- Origin: San Francisco, California
- Genres: Christian metal, death metal, extreme metal brutal death metal, grind metal deathgrind
- Years active: 2000-present
- Labels: Sound of the Dead, Tarantula, Bombworks, Battlefrost
- Members: Jeff Lenormand
- Past members: Shannon Frye Paul Pontikoff Berto Salas John Gotelli
- Website: Tortured Conscience on Facebook

= Tortured Conscience =

American Christian extreme metal band

Tortured Conscience is a Christian extreme metal band from San Francisco, California.

==History==
Tortured Conscience formed in 2000 with just two members: Jeff Lenormand on guitars and bass, and Shannon Frye on drums and vocals.
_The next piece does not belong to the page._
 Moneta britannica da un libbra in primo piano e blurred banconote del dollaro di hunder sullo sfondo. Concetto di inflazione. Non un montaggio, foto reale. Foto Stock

In 2001, the band released their first demo, Faces of God. The demo was re-released in 2002 through The Collection Vol. 1: Tools of the Trade, a split release with Royal Anguish and Soul of the Savior.
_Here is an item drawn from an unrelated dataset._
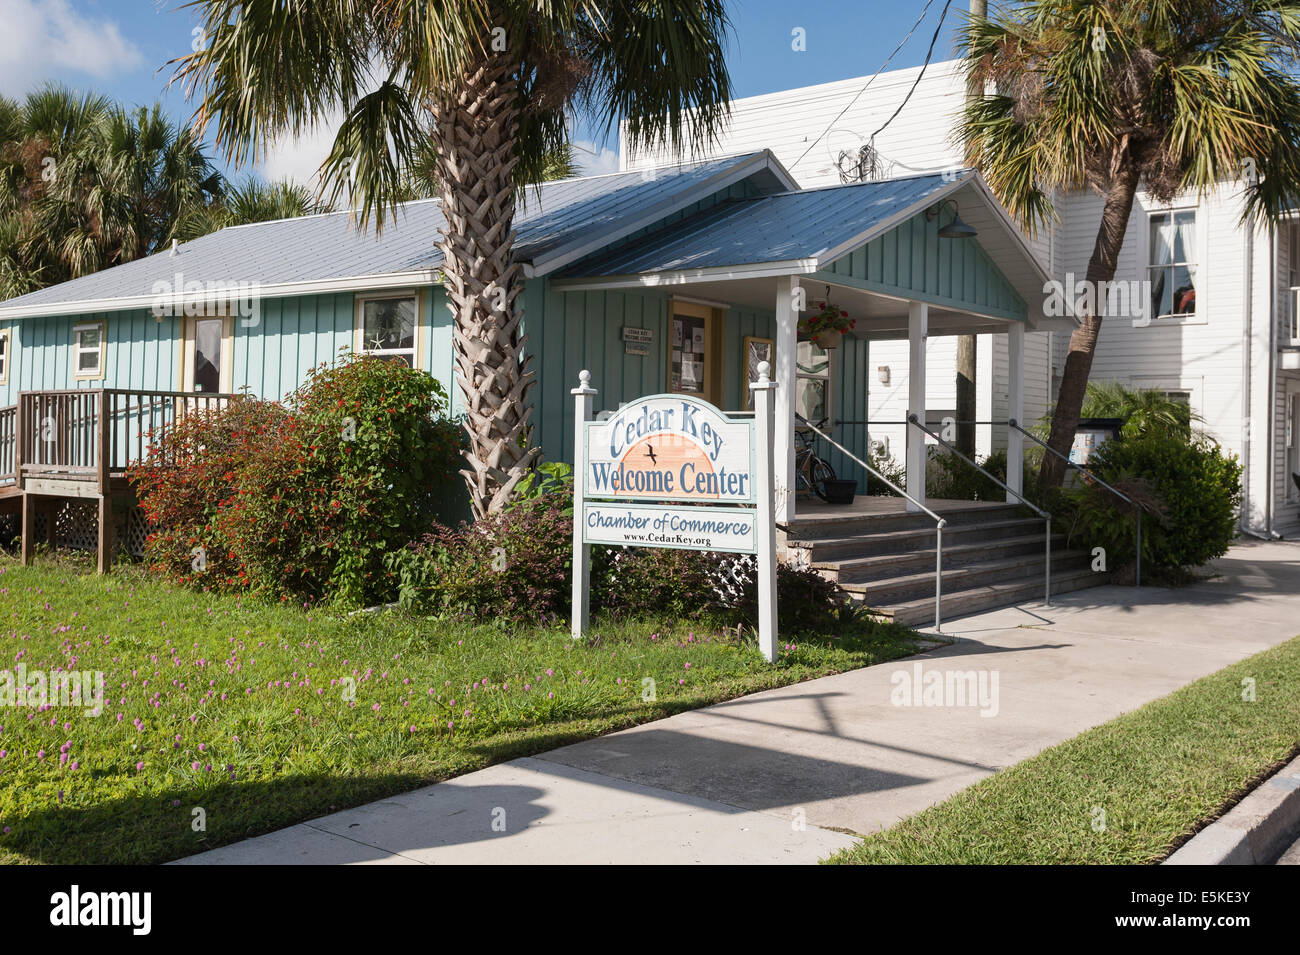 Cedar Key Florida Scenic Gulf Coast Welcome Center Scenic Gulf Coast City Streets Landscape Architecture Stock Photo

In 2002, Sounds of the Dead (SOTD) Records, released A Brutal Christmas: The Season in Chaos, a compilation of Christmas songs covered by Christian metal bands. Tortured Conscience appeared on the compilation, alongside bands Kekal, Frost Like Ashes, Royal Anguish and Death Requisite, recording the song "The Little Drummer Boy". Tarantula Promotions released a sampler, titled Arachnid Terror Sampler for to promote some artists they had worked with, including Tortured Conscience, Soul Embraced, Frosthardr, and Sanctifica.

In 2006, the band released their debut album, Every Knee Shall Bow, via Bombworks Records. By this time, the lineup consisted of Jeff Lenormand on guitars and bass, John Gotelli on drums, and Berto Salas on vocals.

Current
- Jeff Lenormand - Guitars/Bass (2000–present)

Former
- Berto Salas - Vocals (2004-2010)
- Paul Pontikoff - Vocals (2002)
- Shannon Frye - Drums/Vocals (2000-2002)
- John Gotelli - Drums (2002-2015)

==Discography==
Studio albums
- Every Knee Shall Bow (2006; Bombworks)

Demos
- Faces of God (2001)

Splits
- The Collection Vol. 1: Tools of the Trade (2002; w/ Royal Anguish and Soul of the Savior)

Compilation appearances
- A Brutal Christmas: The Season in Chaos (2002; SOTD)
- Arachnid Terror Sampler (2002; Tarantula)
- Christian Brutal Death Metal: Vol. 1 (2015)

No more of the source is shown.